In 1945 werd hij professor in Parijs, maar al na enkele jaren leidden kerkelijke bezwaren en aanklachten over neo-modernisme tot een lange periode waarin hij praktisch als balling leefde. Hij zette zich voor en na de oorlog sterk in voor de vereniging van de christelijke kerken. Zo was hij een actief deelnemer aan de semaines oecuméniques van het benedictijnerklooster te Chevetogne, en stond hij in nauw contact met Christophe-Jean Dumont, zijn medebroeder en oprichter van het oecumenisch centrum Istina te Parijs. Al vroeg onderhield hij persoonlijke oecumenische contacten, onder andere met de latere anglicaanse aartsbisschop van Canterbury Michael Ramsey. In zijn wetenschappelijk werk hield Congar zich zowel met de Kerk in het heden als in het verleden bezig. Zo droeg hij met zijn Jalons pour une théologie du laïcat (1953) bouwstenen aan voor een nieuwe visie op de rol van leken in de Katholieke Kerk, maar L'ecclésiologie du haut Moyen-Age (1968) betreft het kerkbeeld in de Katholieke Kerk tot de elfde eeuw.

Eind jaren vijftig vond Congar weer genade in kerkelijke ogen. In 1960 werd hij benoemd tot consultor voor de voorbereidende Theologische Commissie voor Vaticanum II, en gedurende het Concilie (1962-1965) speelde hij een invloedrijke rol als peritus. Op verschillende conciliedocumenten heeft hij duidelijk herkenbare invloed uitgeoefend, met name op de ecclesiologische constitutie Lumen Gentium, op de openbaringsconstitutie Dei Verbum en op het decreet over de katholieke oecumene Unitatis Redintegratio. In het postuum uitgegeven dagboek Mon Journal du Concile doet Congar verslag van zijn deelname aan het Tweede Vaticaans Concilie, gedurende hetwelke hij nauw samenwerkte met de Belgische theologen, die hem huisvesting boden in het Belgisch College te Rome. In 1965 richtte hij met andere theologen als Marie-Dominique Chenu, Edward Schillebeeckx, Karl Rahner, Hans Küng en Hans Urs von Balthasar het internationale progressieve theologische tijdschrift Concilium op.
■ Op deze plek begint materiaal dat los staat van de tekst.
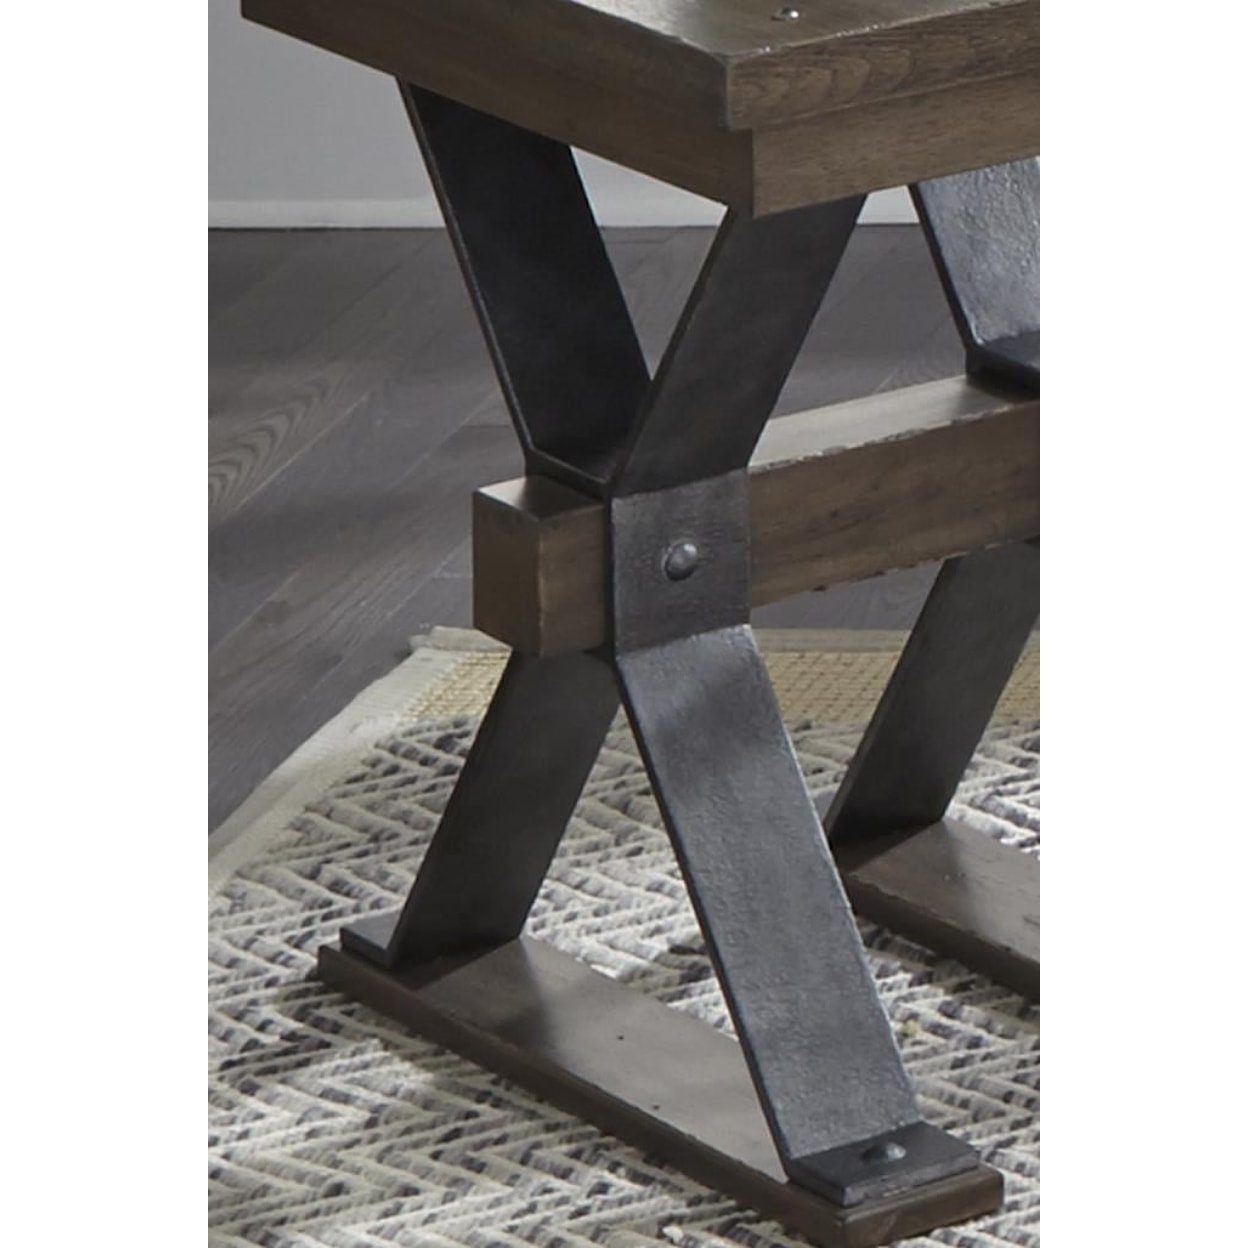 Liberty Furniture Sonoma Road End Table

Voor Congar is theologie wezenlijk verbonden met geschiedenis, zoals ook zijn eigen leven niet los te denken valt van de historische ontwikkelingen in de twintigste eeuw. In 1994, een half jaar voor zijn overlijden op 22 juni 1995, op een moment dat Congar reeds ernstig ziek was, werd hij nog tot kardinaal gecreëerd.

Publicaties (selectie)

  • Chrétiens désunis (Parijs 1937)
  • Esquisses du mystère de l'Eglise (Parijs 1941)
  • Vraie et fausse réforme dans l’Eglise. (Parijs 1950)
  • Jalons pour une théologie du laïcat (Parijs 1953)
  • The Catholic Church and the race question (Parijs 1953)
  • Les voies du Dieu vivant (Parijs 1962)
  • La Tradition et les traditions: I. Essai historique; II. Essai théologique (2 dln., Parijs 1960-1963)
  • Sainte Eglise : etudes et approches ecclésiologiques (Parijs 1963)
  • Jésus-Christ (Parijs 1965) - vertaald door E.M.A. Huf als Jezus Christus, beeld van de onzichtbare God (Hilversum 1966)
  • L'ecclésiologie du haut Moyen-Age (Parijs 1968)
  • Un peuple messianique: l'église, sacrament du salut; salut et liberation (Parijs 1975)
  • Je crois en l'Esprit Saint (Parijs 1979)
  • La parole et le souffle (Parijs 1983)
  • De Katholieke Kerk : fascinerend verleden, hoopvolle toekomst, (Hilversum 1984) vert. Fr. Vromen van Église moderne en France (Parijs 1978)
  • Le concile de Vatican II: son Eglise, peuple de Dieu et corps du Christ (Parijs 1984)
  • Eglise et papauté : regards historiques (Parijs 1987)
  • Journal de la guerre, 1914-1918 : l'enfant Yves Congar, Stéphane Audoin-Rouzeau en Dominique Congar (ed.) (Parijs 1997)
  • Journal d'un théologien, 1946-1956, Étienne Fouilloux (ed.) (Parijs 2001)
  • Mon journal du concile, Eric Mathieu (ed.) (2 dln., Parijs 2002)

Literatuur

  • Jean-Pierre Jossua, Le Père Congar. La théologie au service du peuple de Dieu (Parijs 1967) - met bibliografie
  • Le Service théologique dans l'Église. Mélanges offerts au Père Yves Congar pour ses soixante-dix ans (Parijs 1974)
  • André Vauchez (ed.), Cardinal Yves Congar 1904-1995 (Parijs 1999)
  • Elizabeth Teresa Groppe, Yves Congar's theology of the Holy Spirit (Oxford, etc., 2004)
  • Gabriel Flynn (ed.), Yves Congar: Theologian of the Church (Leuven 2005)
  • Joseph Fumerée en Gilles Routhier, Yves Congar (Parijs 2008)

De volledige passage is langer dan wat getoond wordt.